La restaurazione del Santuario
Se era facile constatare l’assoluta necessità di dare un assetto di assoluta stabilità e decoro al Santuario, soddisfacendo altresì all’esigenza del culto che avrebbe preso maggiore intensità per l’aumentato numero dei Religiosi, non era altrettanto facile trovarne la soluzione, che conservando l’integrità del Santuario lo rendesse degno di tal nome. Quello che accade ovunque si verifica, specialmente nel Paese di Gesù, ove ognuno e persino qualsiasi nuovo arrivato, si erige ad archeologo ed architetto o quanto meno si abbandona a critiche che bene spesso hanno per fondamento la propria incompetenza, o il paragone di un confuso ricordo di qualche costruzione del paese da cui viene (la frase si riferisce alle polemiche dell’epoca tra la Custodia e alcune congregazioni francesi, ndr).
A questa difficoltà si aggiungeva la modestia dei mezzi disponibili giacché col restauro del Santuario era annesso l’altro delle circostanti rovine e specialmente quello della cosidetta Casa d’Erode la quale con notevoli elementi ricordava un’epoca gloriosa di memorie storiche e care.
A sciogliere il non facile problema, la Custodia di Terra Santa diede l’incarico all’Architetto Ing. Antonio Barluzzi, che nella costruzione delle due mirabili Basiliche del Getsemani e del Tabor aveva trasfusa tutta la sua anima di profondo credente e di artista geniale e fecondo. E come dimostrò il restauro compiuto, ben si appose la Custodia, sicura che l’Architetto avrebbe portato ancora in questa nuova opera l’entusiasmo del suo spirito e della sua abnegazione, innestando ai pochi ricordi antichi una decorosa modernità artistico-religiosa che in pieno secolo XX sapesse disposarsi all’epoca crociata. L’impresa dei lavori venne affidata alla nuova Ditta costruttrice E. di A. De Farro, che lasciata da parte ogni idea di guadagno ancora onesto, si propose di cooperare per la riuscita di una restaurazione degna del celebre Santuario e ne affidò l’esecuzione all’Ing. Ruggero Bucciasuti che, coadiuvato dall’Assistente Filippi, penetrò il pensiero dell’Architetto, e fra mille difficoltà d’ogni genere, sciolte con rare abilità, assolse il mandato con rara intelligenza, con severa onestà condita da squisitezza di maniere.
 
I lavori e le decorazioni
Qui cediamo la parola al valoroso articolista de “La Terra Santa”. I restauri furono radicali tranne nei muri di fianco che per leggi edilizie non potevano spostarsi a favore delle umili dimensioni del Santuario, e che in certo modo ne attestavano la storia centenaria. Raschiando pitture e intonaci comparve nei pilastri e in alcuni archi e cornici l’apparecchio crociato, mentre sotto l’altare maggiore si rinvenivano le fondazioni dell’abside semicircolare. Spontanea fu l’idea di ricostruire secondo lo stile del XII secolo; ma, avendo le crociere in rovina dato luogo a volte lunettate, essendo necessario avere un presbiterio più ampio e un coro pei Religiosi, e adattarsi alle sensibili irregolarità di ogni elemento decorativo, quello stile fu seguito con una certa libertà.

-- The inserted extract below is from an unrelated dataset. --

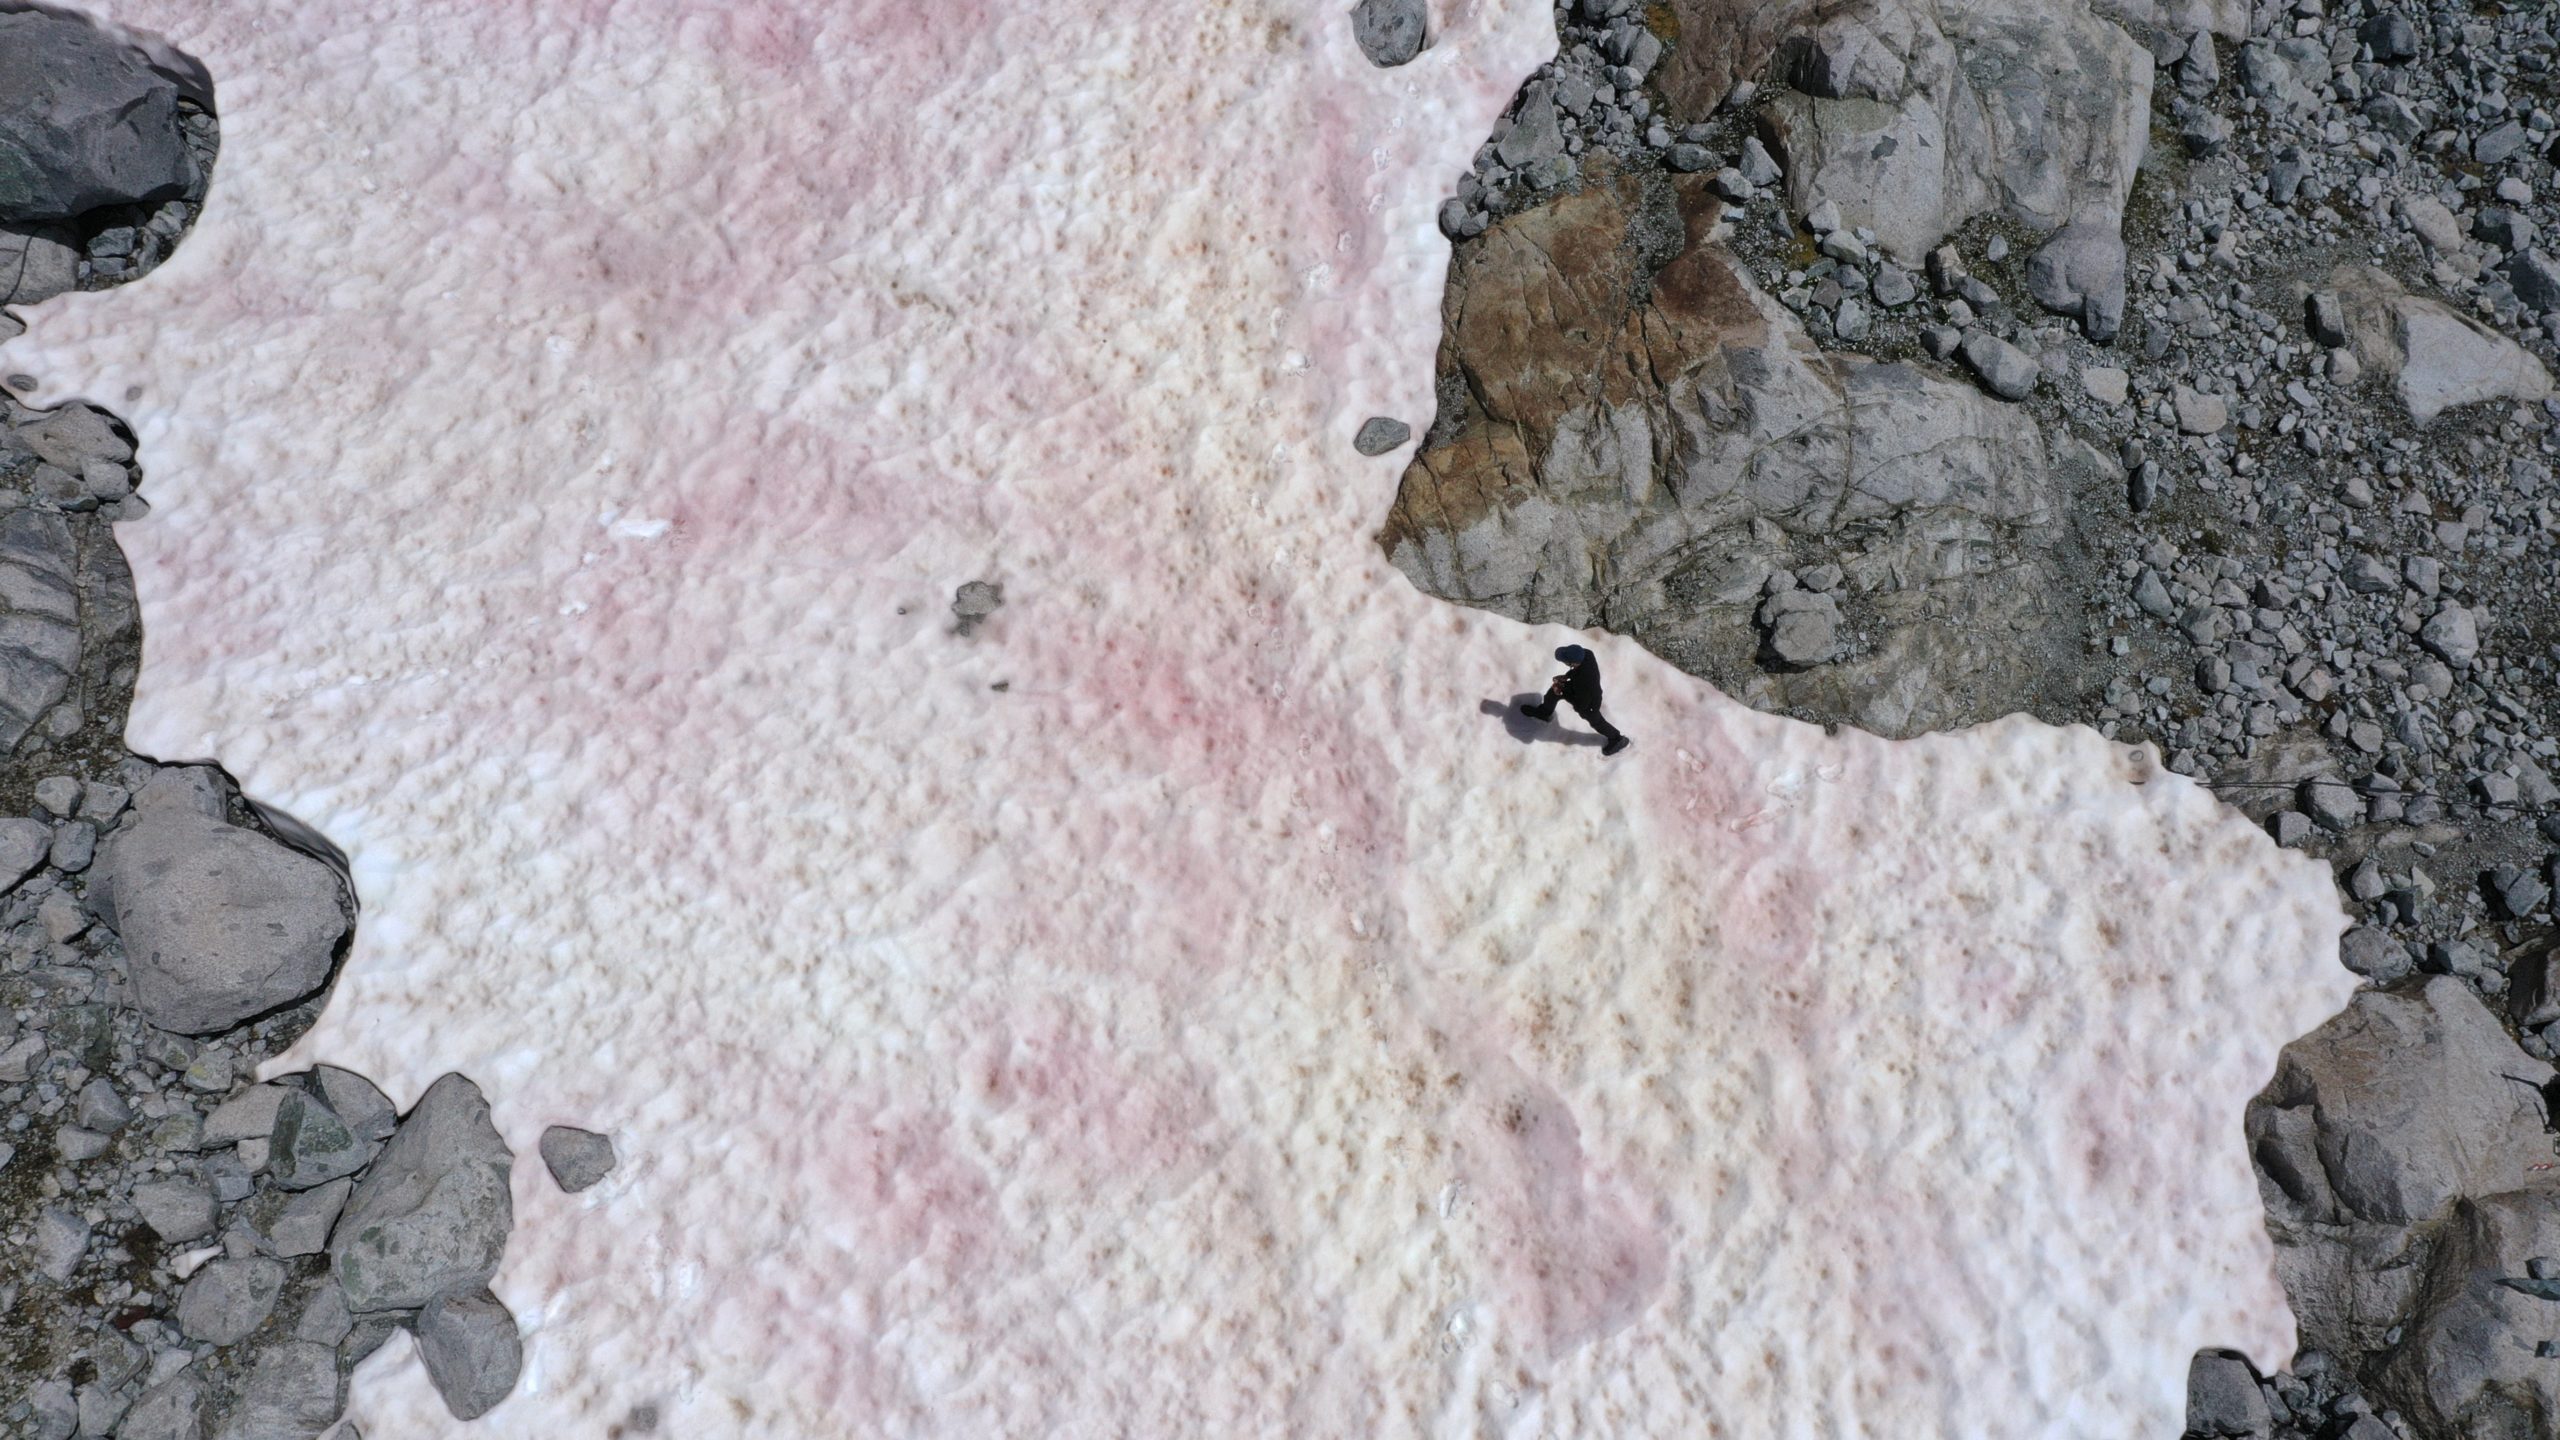 An aerial shot shows someone walking over the pink snow atop the Italian Alps on July 3, 2020. (Photo: Miguel Medina / AFP, Getty Images)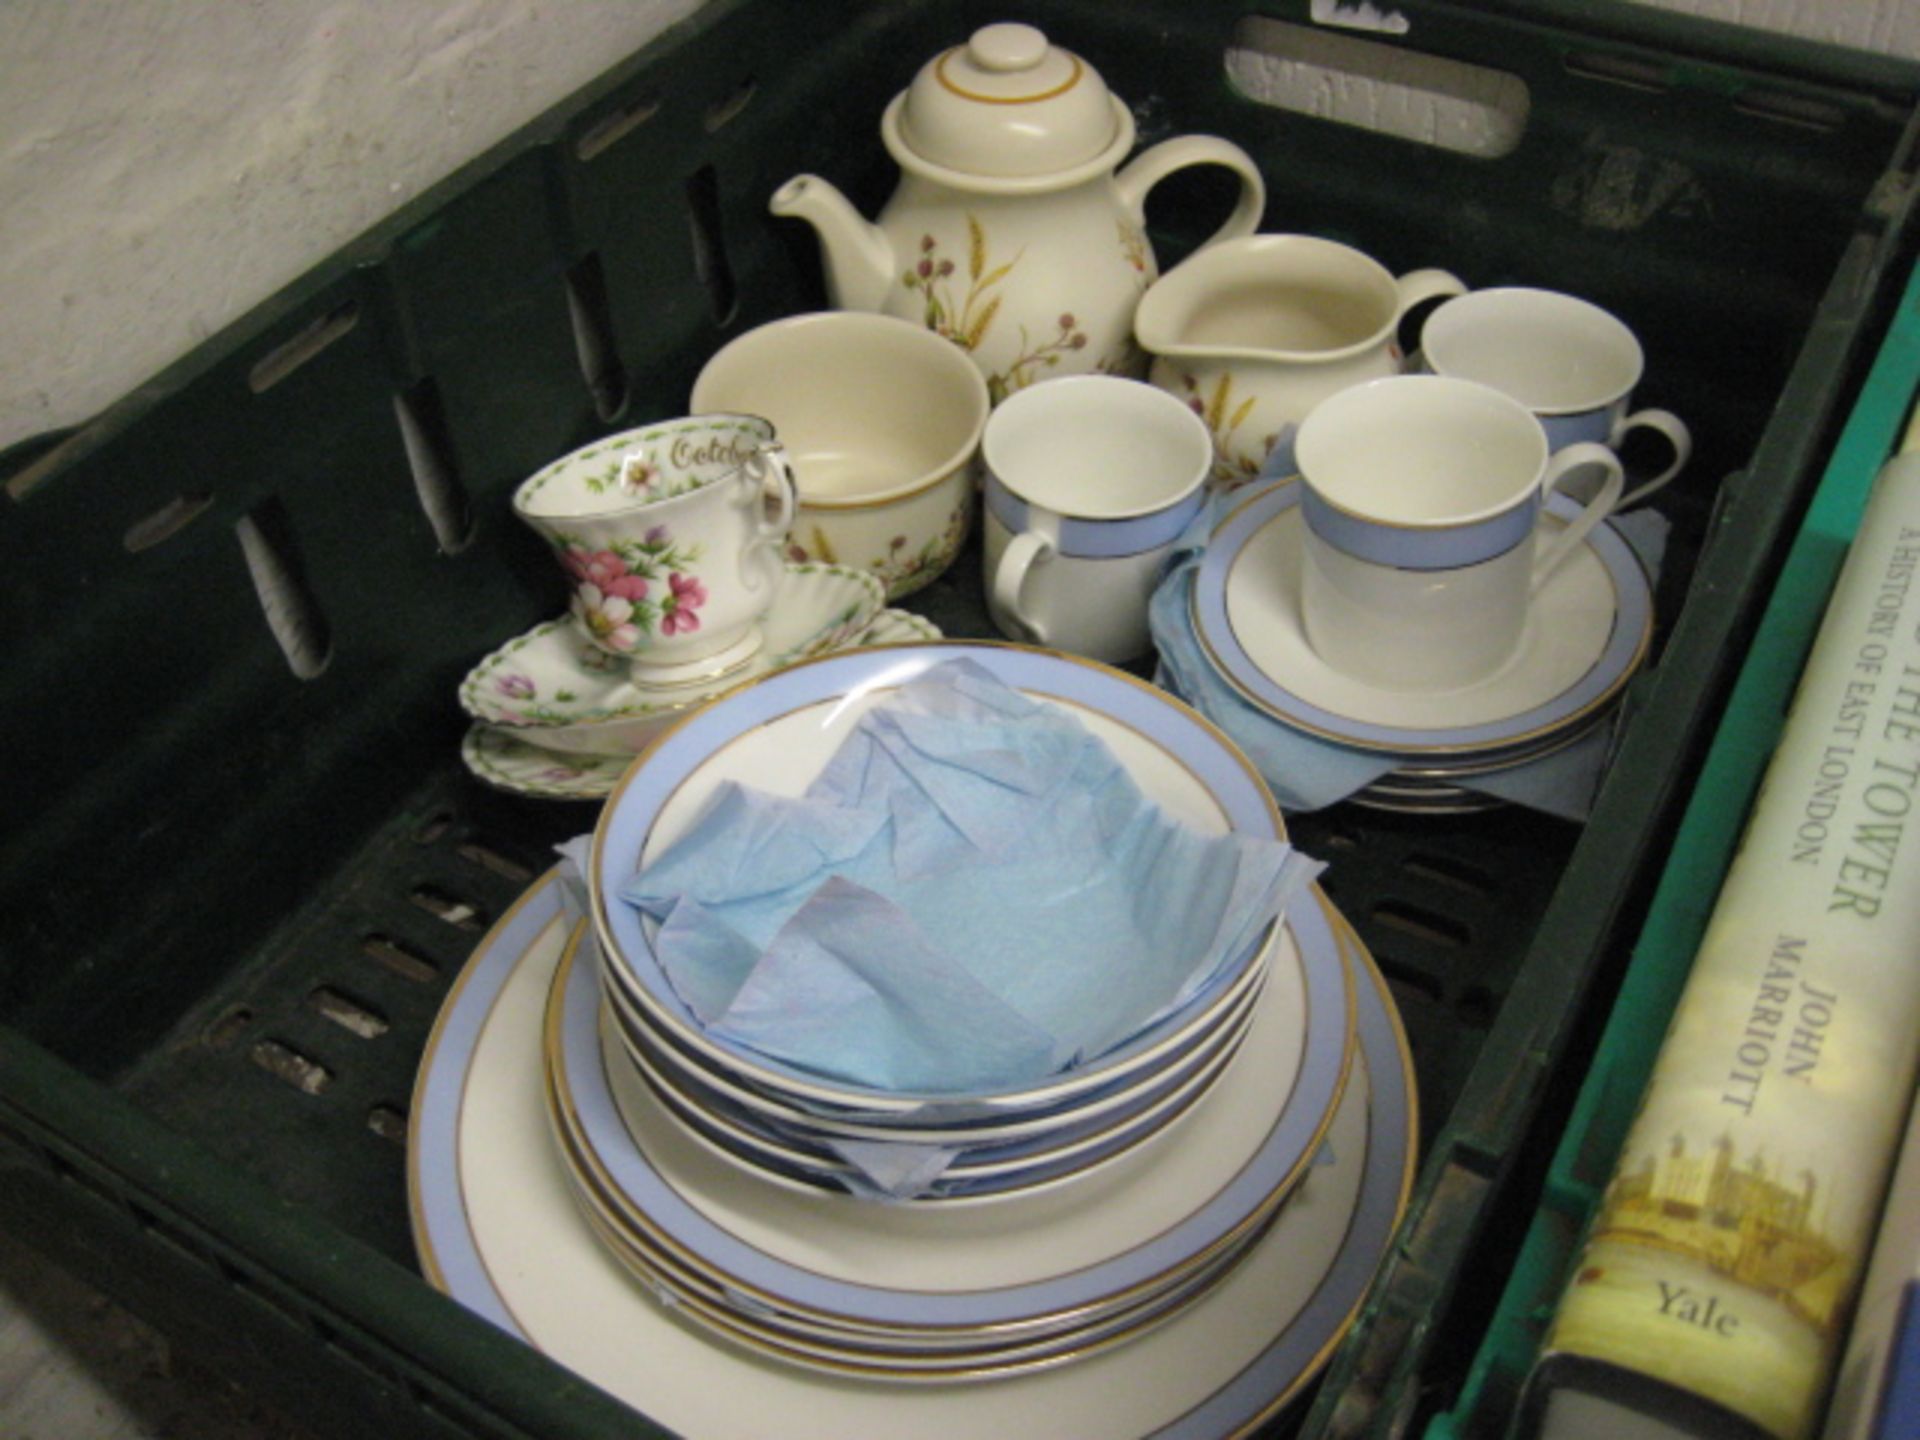 Crate containing Royal Doulton Regency Gold part tea service, Royal Albert sup, saucer and side

La nuova facciata ci presenta quindi, entro il portale dai caratteristici conci crociati a cuscinetto e un fregio a motivo di spine, una bella porta del Gerardi, un pò delicata pur nella sua inquadratura di ferro battuto che racchiude lacunari di rame elegantemente sbalzato e graffitto coi simboli della Passione, con quelli degli Evangelisti e coi versetti che si riferiscono al Santuario. In alto, sotto un timpano a lieve pendenza, si svolge una serie di archetti poggiati su mensole di quel tipo medievale che fonde elementi crociati e saraceni, e che nel centro si apre ad arco più ampio a cingere un devoto angelo di bronzo, invitante a preghiera, dell’artista Mastroianni. Dal cortile d’ingresso può vedersi anche il fastigio del campanile lieto e sereno nella sua semplicità.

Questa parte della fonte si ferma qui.